Theoretical background

The phasematching spectrum of a nonlinear optical process in an ideal guiding structure (waveguide, fibre, etc…) of length \(L\) can be calculated using the equation

(1)\[\begin{split}\phi &= \frac{1}{L}\int_0^L \exp\left\lbrace \mathrm{i}\Delta\beta z\right\rbrace dz\\ &= \mathrm{sinc}\left(\frac{\Delta\beta L}{2}\right)\exp\left\lbrace \mathrm{i}\frac{\Delta\beta L}{2}\right\rbrace,\end{split}\]

where \(\Delta\beta\) is the phase mismatch of the process, \(z\) is the optical axis of the system and \(sinc(x) = sin(x)/x\). For example, in a three-wave mixing process, the \(\Delta\beta\) is usually given by

\[\begin{split}\Delta\beta & = \beta_3 - \beta_2 - \beta_1\\ & = 2\pi \left(\frac{n_3}{\lambda_3} - \frac{n_2}{\lambda_2} - \frac{n_1}{\lambda_1}\right),\end{split}\]

being \(\beta_i\) the wavevector of the \(i^{th}\) field.

If, however, the structure is not ideal and its properties change along the propagation axis z, the phase mismatch \(\Delta\beta\) may vary along the guiding structure, i.e. \(\Delta\beta = \Delta\beta(z)\). In this case, the phasematching spectrum is given by

(2)\[\phi = \frac{1}{L}\int_0^L \exp\left\lbrace \mathrm{i} \int_0^z\Delta\beta(\xi)d\xi \right\rbrace dz.\]

The integral \(\int_0^z\Delta\beta(\xi)d\xi\) is necessary to correctly keep track of the phase acquired by the fields as they travel along an inhomogeneous medium.

In the current iteration of the software, the previous integral is solved in two slightly different ways. The class pynumpm.phasematching.SimplePhasematchingDeltaBeta discretises it as

\[\phi = \frac{1}{L} \sum_{i=0}^{N} \Delta z_i \mathrm{sinc}\left(\frac{\Delta\beta_i \Delta z_i}{2}\right) \mathrm{e}^{i\frac{\Delta\beta_i \Delta z_i}{2}}\mathrm{e}^{i \sum_{j=0}^{i-1} \Delta\beta_j\Delta z_j}.\]

This is an exact piecewise integration of (2).

The classes pynumpm.phasematching.SimplePhasematching1D and pynumpm.phasematching.SimplePhasematching2D discretise (2) as

\[\phi = \frac{1}{L} \sum_{i=0}^{N} \Delta z_i \mathrm{e}^{i \sum_{j=0}^{i} \Delta\beta_j\Delta z_j}\]

which is the rectangular approximation of (2). In the future, I will update also these calculations. However, there is no real difference between the two methods, if the wavelength and the z meshes have enough resolution.

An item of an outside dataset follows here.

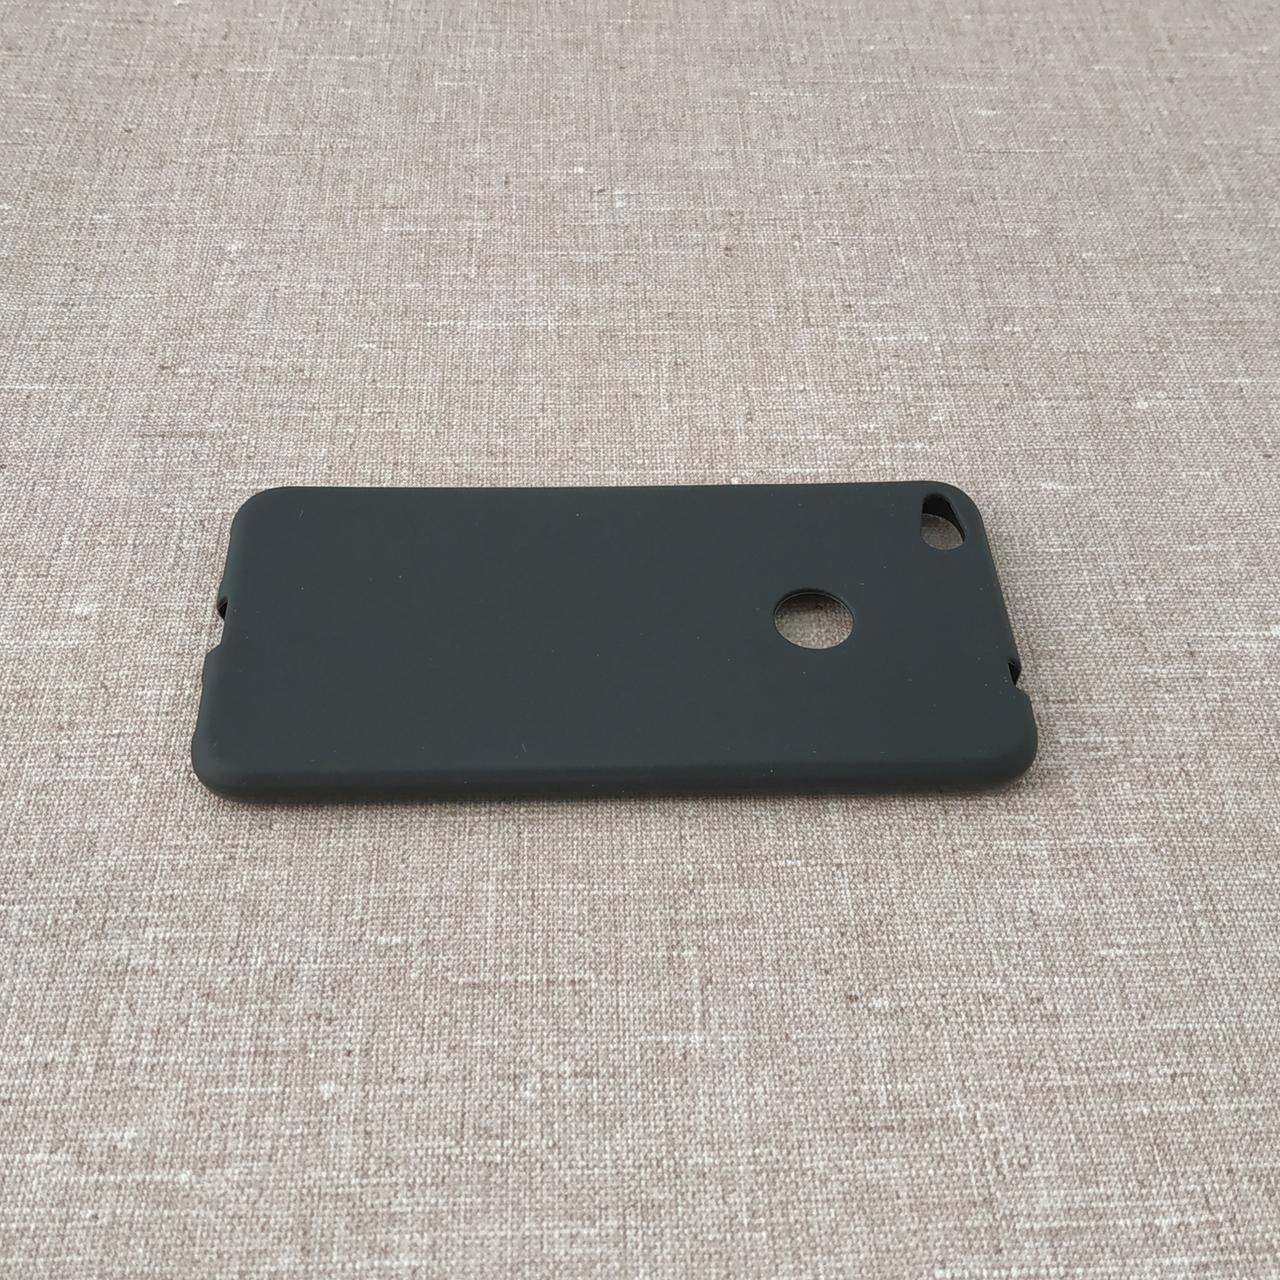 Чехлы для Huawei TPU P8 Lite 2017 black Для телефона

While this API can be used to calculate the spectrum of an ideal waveguide, this task is quite trivial, since an analytic expression exist (see first integral). This API was developed to calculate the phasematching of an inhomogeneous structure for a given profile \(\Delta\beta(z)\) or, equivalently, if the variation of the refractive index \(n(z)\) along the guiding structure is known.